+++ Raw data +++

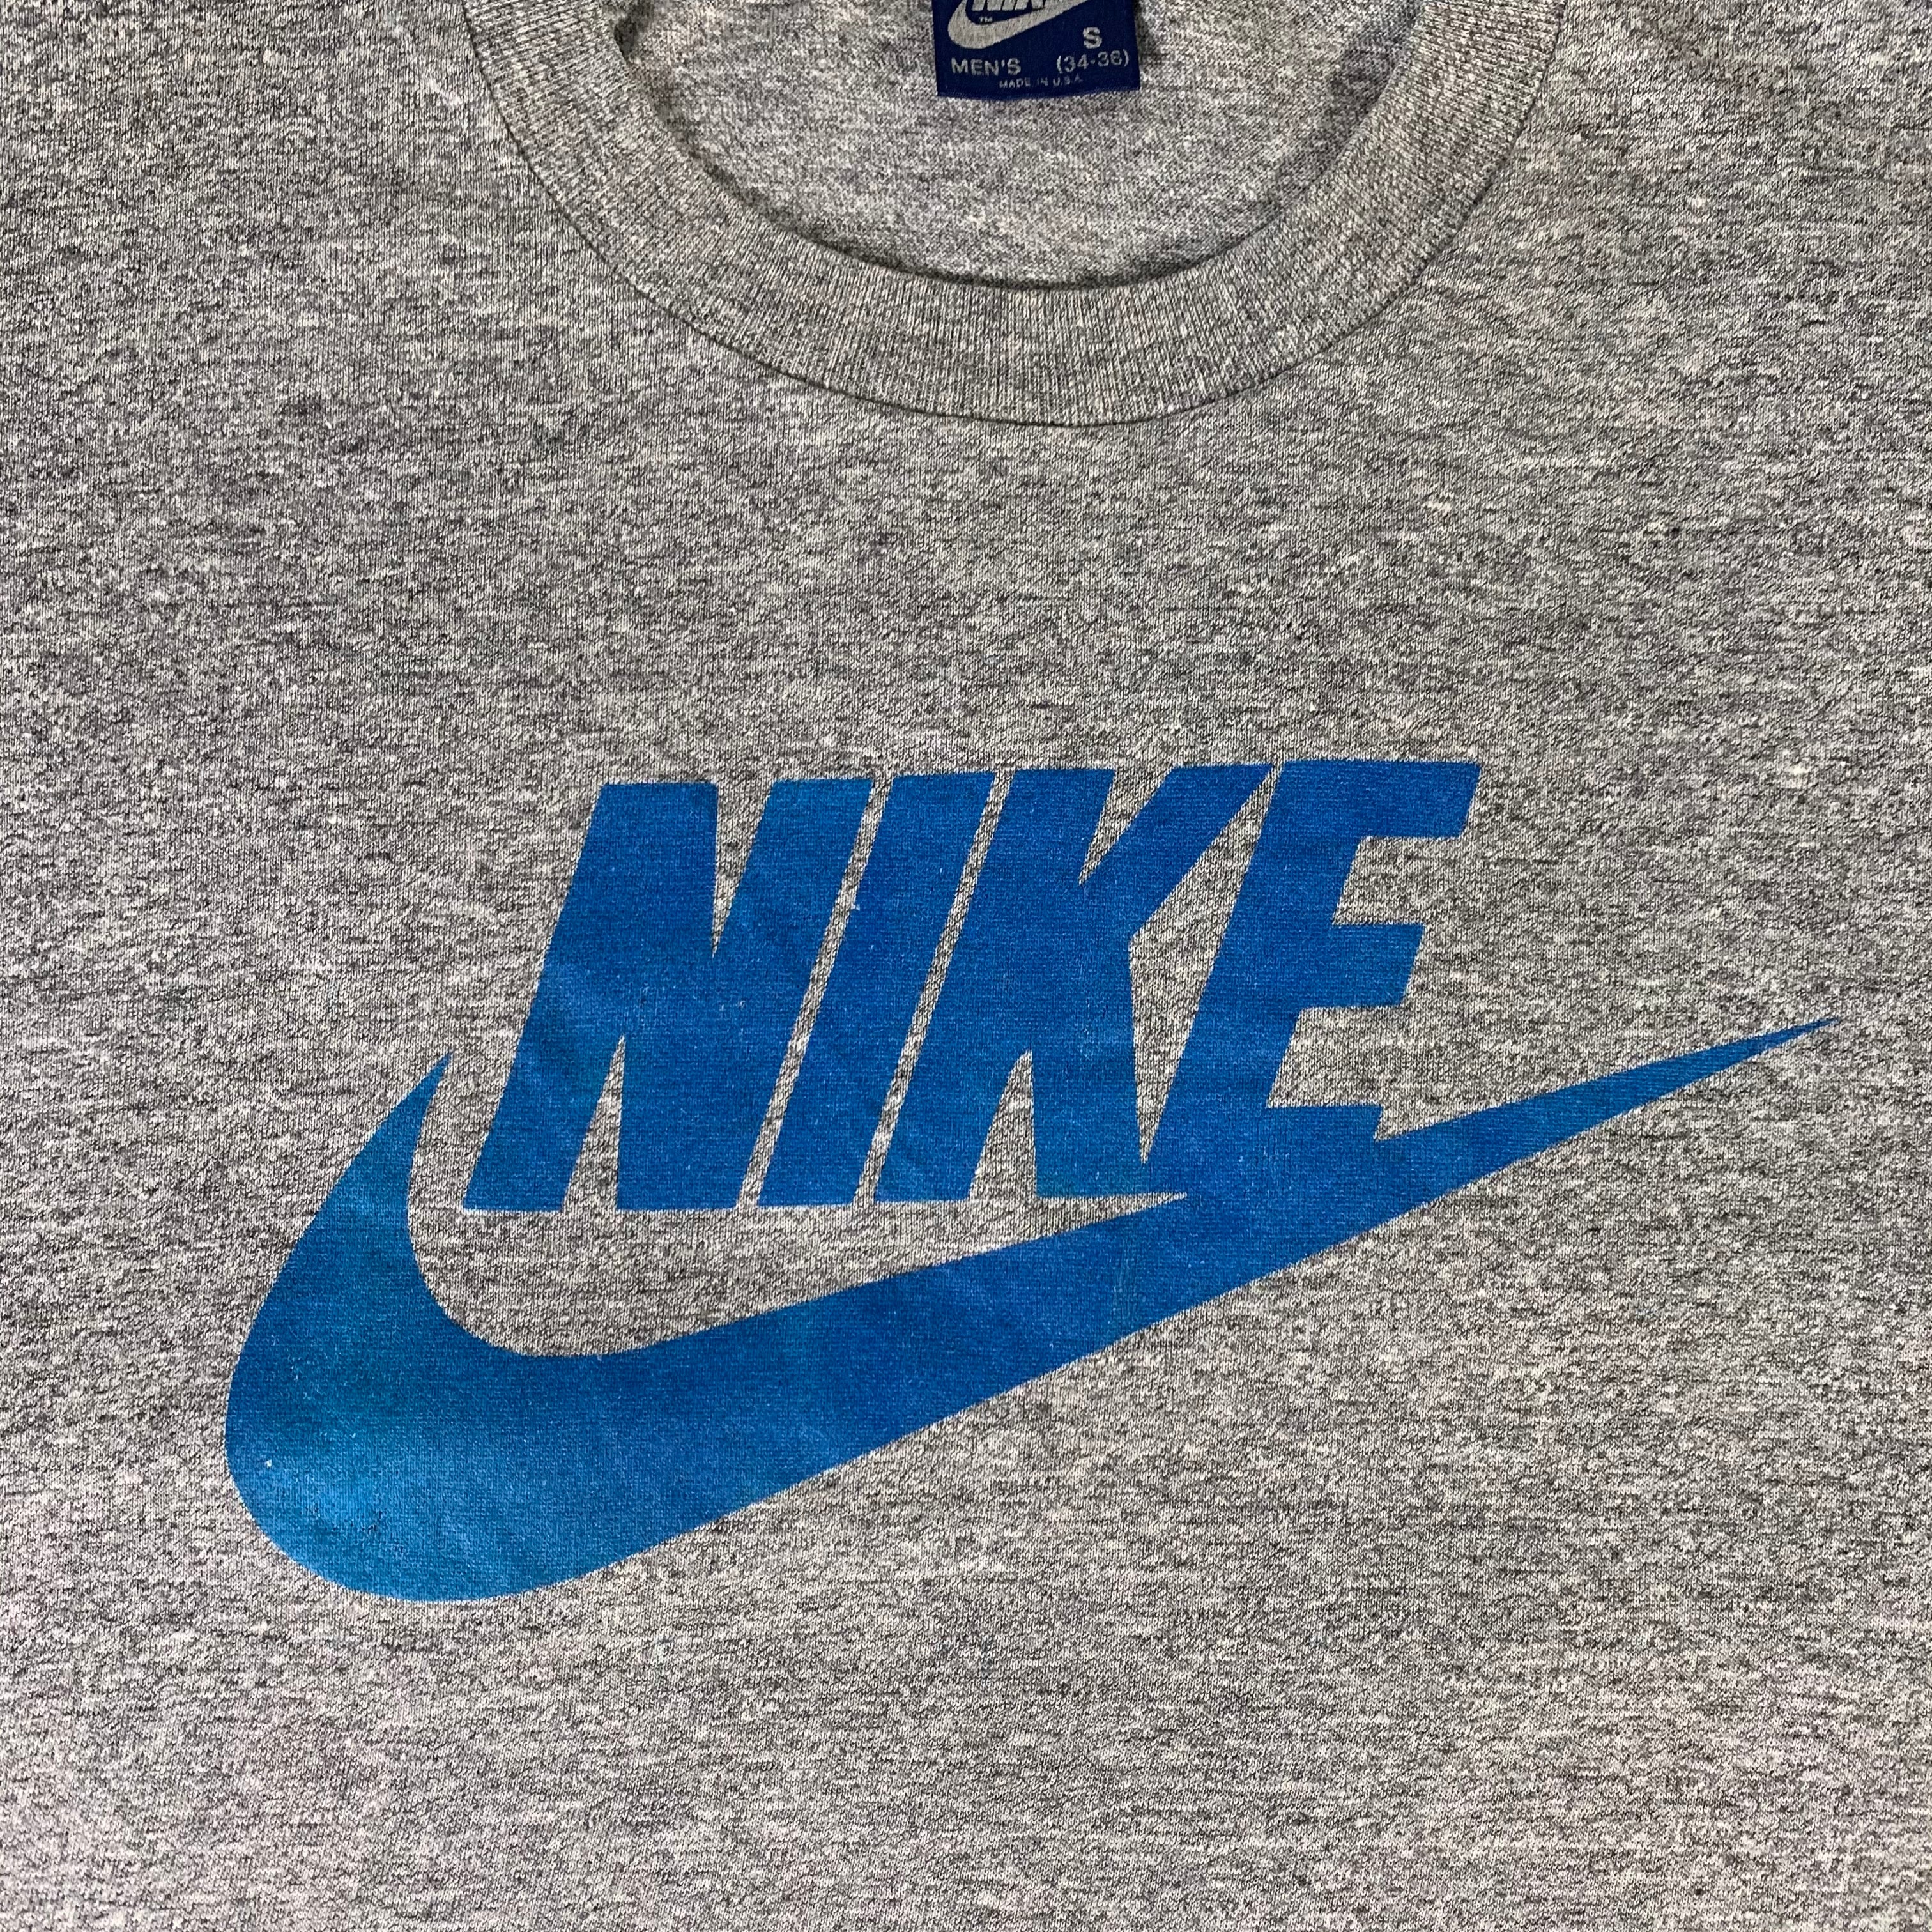 Vintage Nike "Logo" jointcustodydc
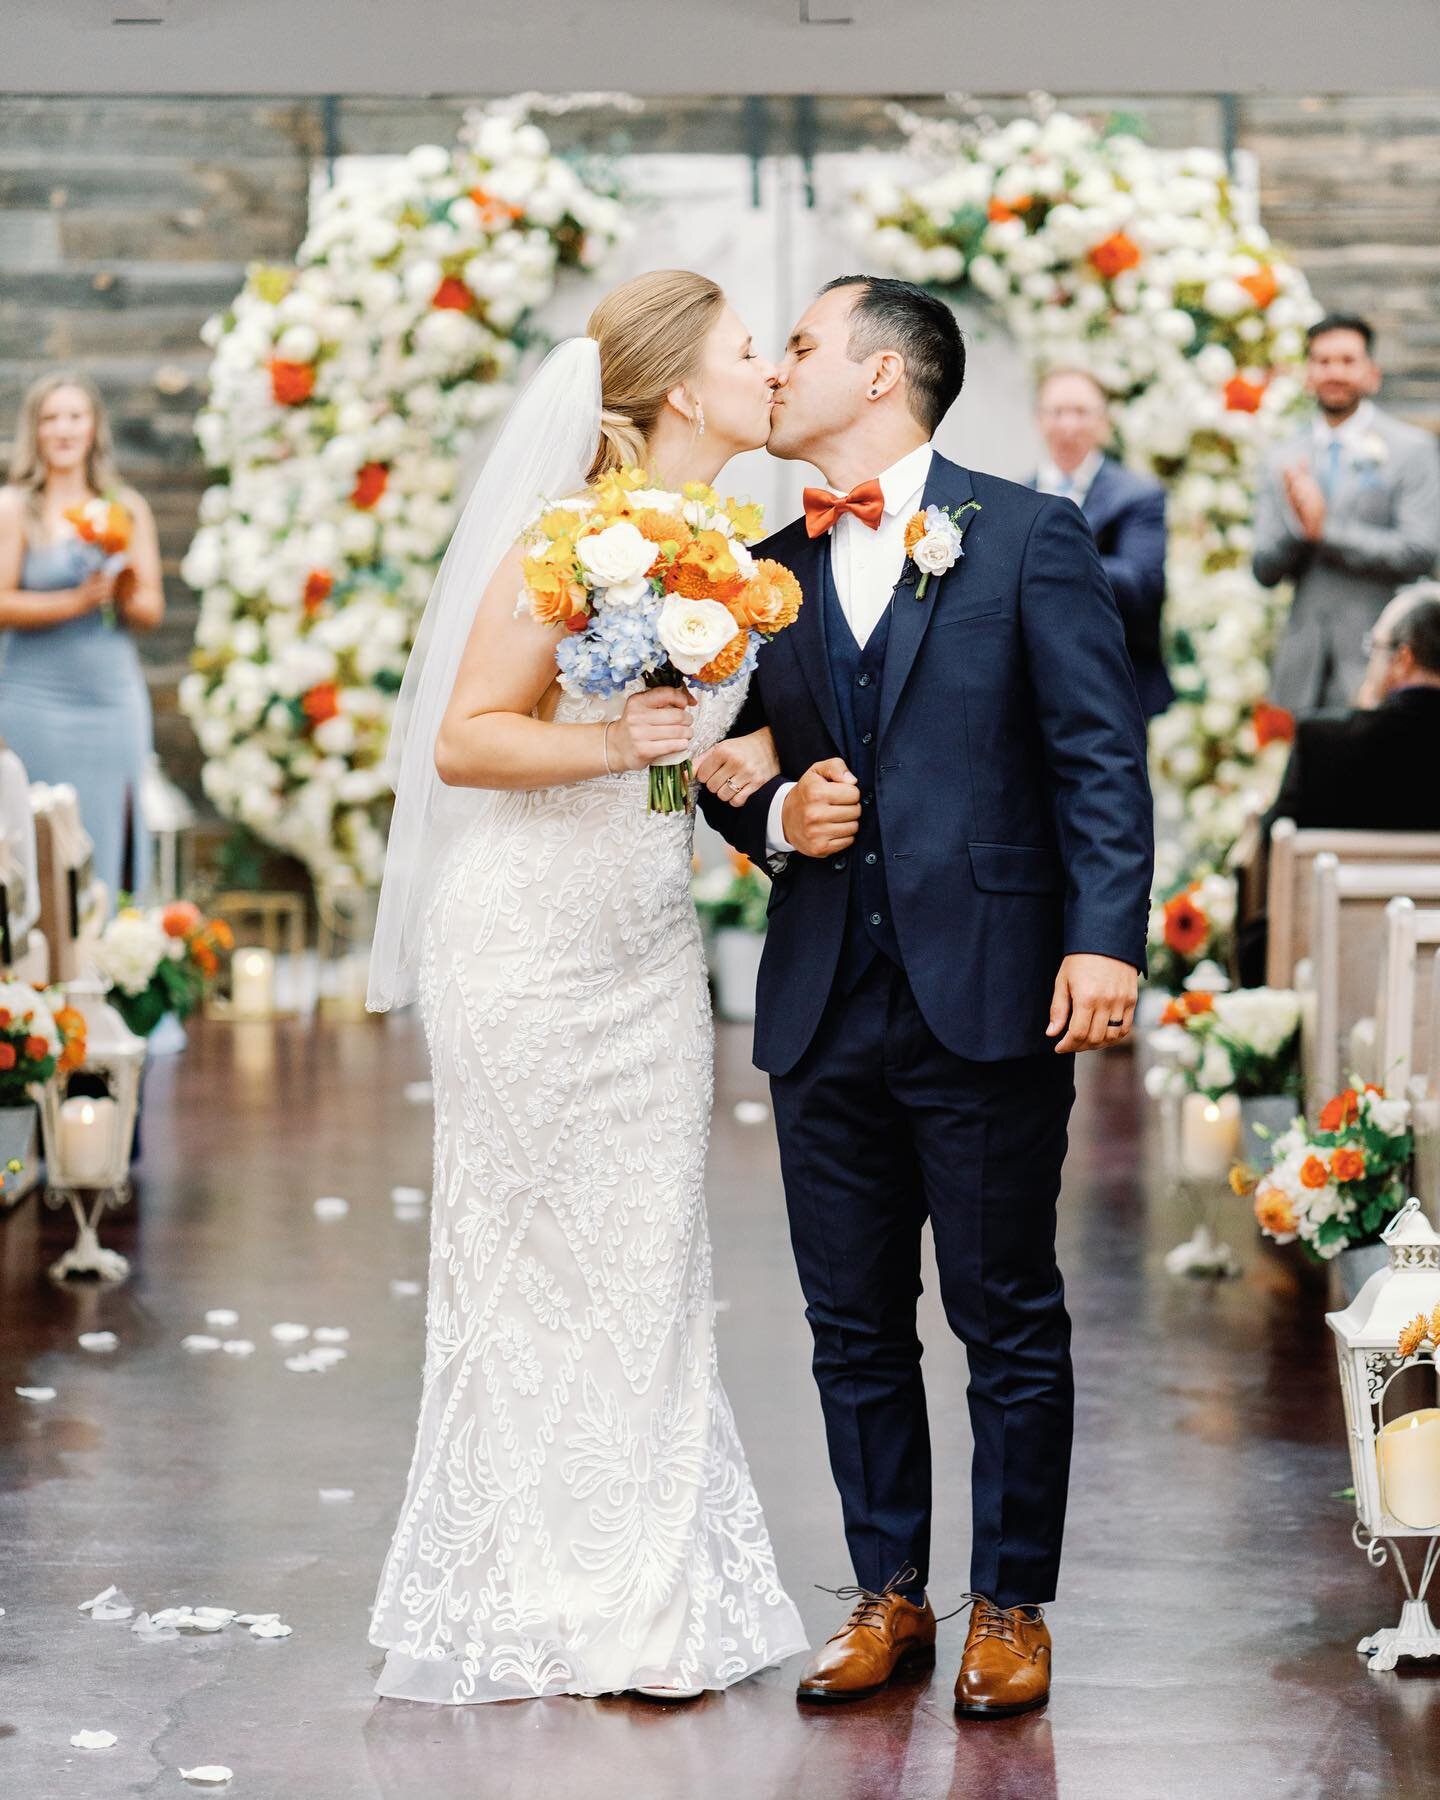 2nd kiss as husband and wife. Capturing the kiss as they walk down the aisle after the I do&rsquo;s.
+
#wedding #bride #bridetobe #weddingdress #weddingvail #gettingmarried #weddingdress #californiawedding #realwedding #weddinginspiration #ido #isaid

+++

Your goal:
Please copy the data above exactly, omitting the pictures.

Response to the exercise:
 Vintage Nike "Logo" jointcustodydc
 2nd kiss as husband and wife. Capturing the kiss as they walk down the aisle after the I do&rsquo;s.
+
#wedding #bride #bridetobe #weddingdress #weddingvail #gettingmarried #weddingdress #californiawedding #realwedding #weddinginspiration #ido #isaid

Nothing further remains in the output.